A while back, a package was returned to me one year after I mailed it out. Though properly addressed, it was marked undeliverable. The address was in the midwestern United States, but the markings on the envelope clearly showed that it had spent considerable time visiting a military base in Asia.
Thanks to Paul Peterson of Moran Printing (Baton Rouge, LA) for this letter:
“I just read Johnson's World in American Printer magazine. I must agree with you that ink on paper is the best way to emphasize the importance of a letter. Nothing says it better than a high quality letter on fine stationery, personally signed by the author.
“In a former life as a certified public accountant, I have written many a letter to my senator or representative about a tax matter of importance to my clients. Most of the time the response from the legislators' office was made by a clerk or assistant, but sometimes we got that personal touch from the elected official.
“A personal letter still has power of communication on a formal level. Emails are just too loose in structure, and for permanent storage in a file folder, you still have to print the darn things out.
“I remember when we would get mail delivered twice a day in downtown Baton Rouge.

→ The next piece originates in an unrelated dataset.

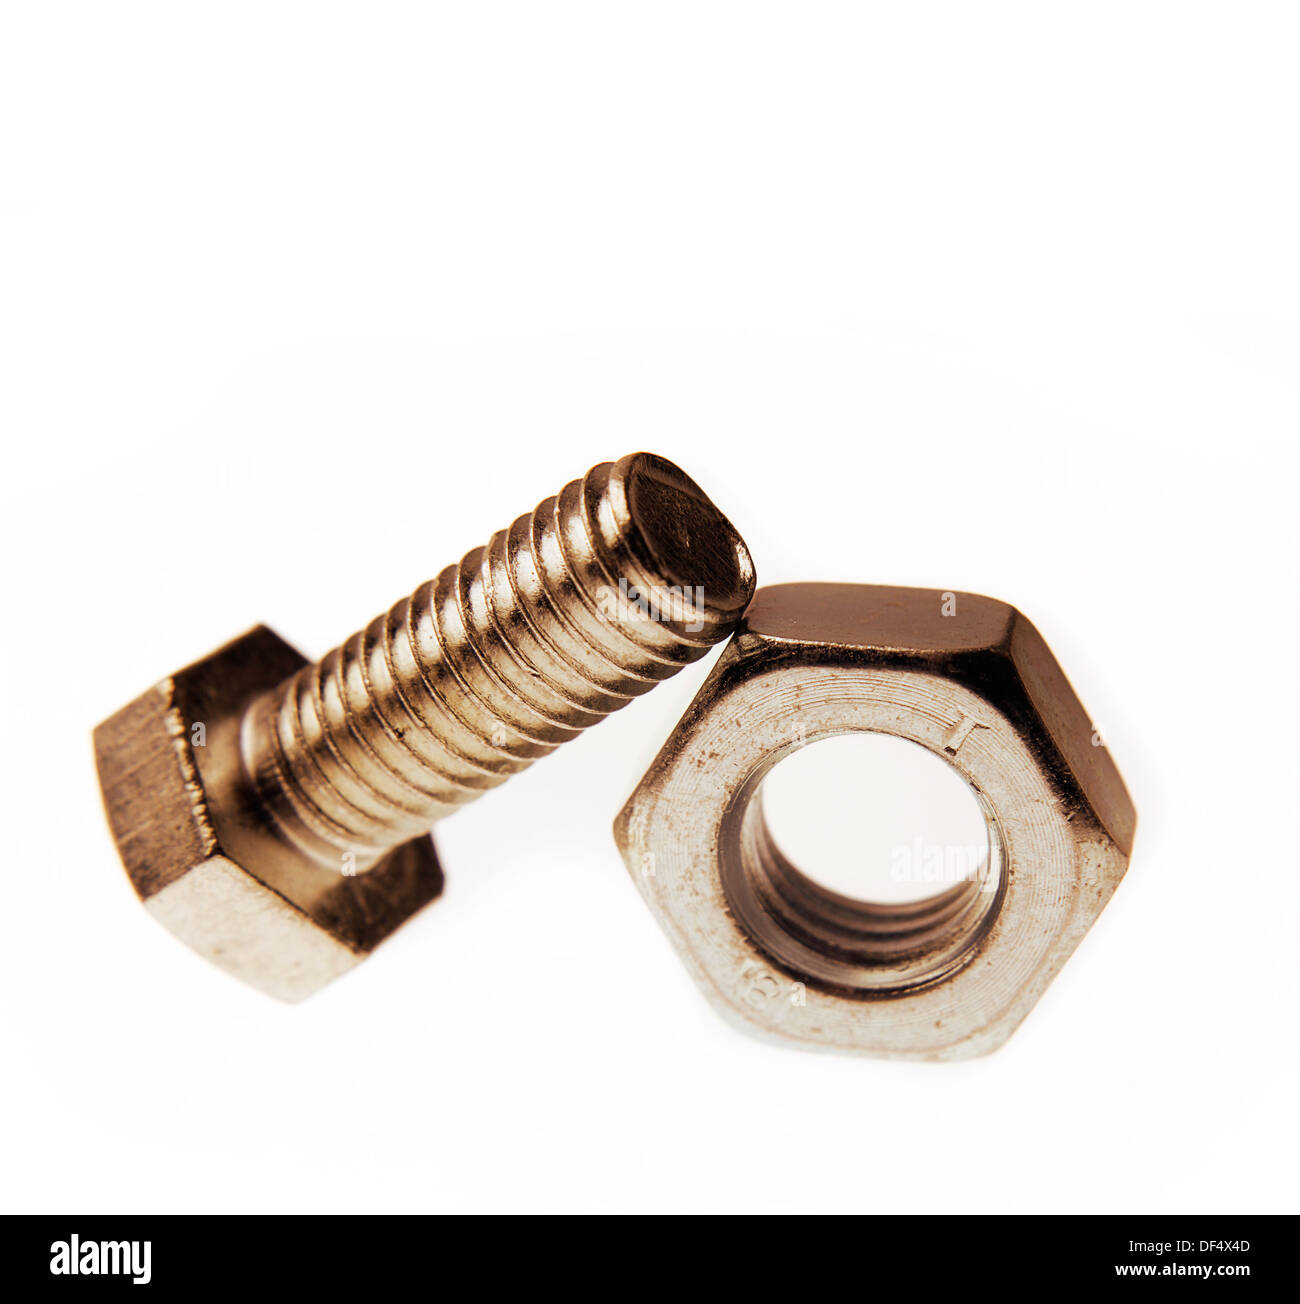 Nut and bolt together on plain background Stock Photo

That could mean local mail delivered the same day and a response early the next day. That was 35 years ago. Boy have we made progress.”
Yes, in a generation we have moved from twice daily mail delivery to Postmaster General John Potter petitioning Congress to allow suspension of Saturday (or perhaps Wednesday) mail delivery.
The suspension would be “temporary” but “could last years,” which sounds permanent to me. The Postmaster General later said that five-day-per-week delivery was a “worst case scenario.” Past experience indicates that the worst case only gets worse.
I find it ironic that Benjamin Franklin, the patron saint of printers, also lays claim to being our nation's first Postmaster General, appointed by the 2nd Continental Congress in 1775.
In 1911 the United States Post Office began the Postal Savings System, with guaranteed savings and a fixed interest rate of 2% on deposits of up to $2,500. This program really took in the 1930s, when many people lost faith in private banks during the Great Depression. Another advantage: post offices were open 10 hours per day, six days per week, while banks kept their infamous “banker's hours.”
The programs declined in popularity when the Federal Deposit Insurance Corporation was created to allow banks to offer the same savings guarantee as the Postal System. Postal Savings was discontinued in 1966.
I dedicate the following story to everyone who is counting on our government to solve their problems.
The headline from the Associated Press was “Postal Service fixes long waits by removing clocks.”
“It's always long here,” the story quoted a patron waiting in line at a Fort Worth Texas Post Office as saying.
Apparently 37,000 post offices have had clocks removed from retail areas as part of a “retail standardization program” designed to give the public service areas a more uniform appearance, according to the Fort Worth Star-Telegram.
“We want people to focus on postal service and not the clock,” said a spokesman for the USPS in Dallas.
“Mr. Deadtree” promises “insights, analysis, practical advice, and smartaleck comments” on publication production and distribution. The anonymous blogger has written an unofficial guide to Flat Sequence Sortation (FSS) and also offers his take on proposed USPS service cutbacks and mail piece standards. See www.deadtreeedition.blogspot.com.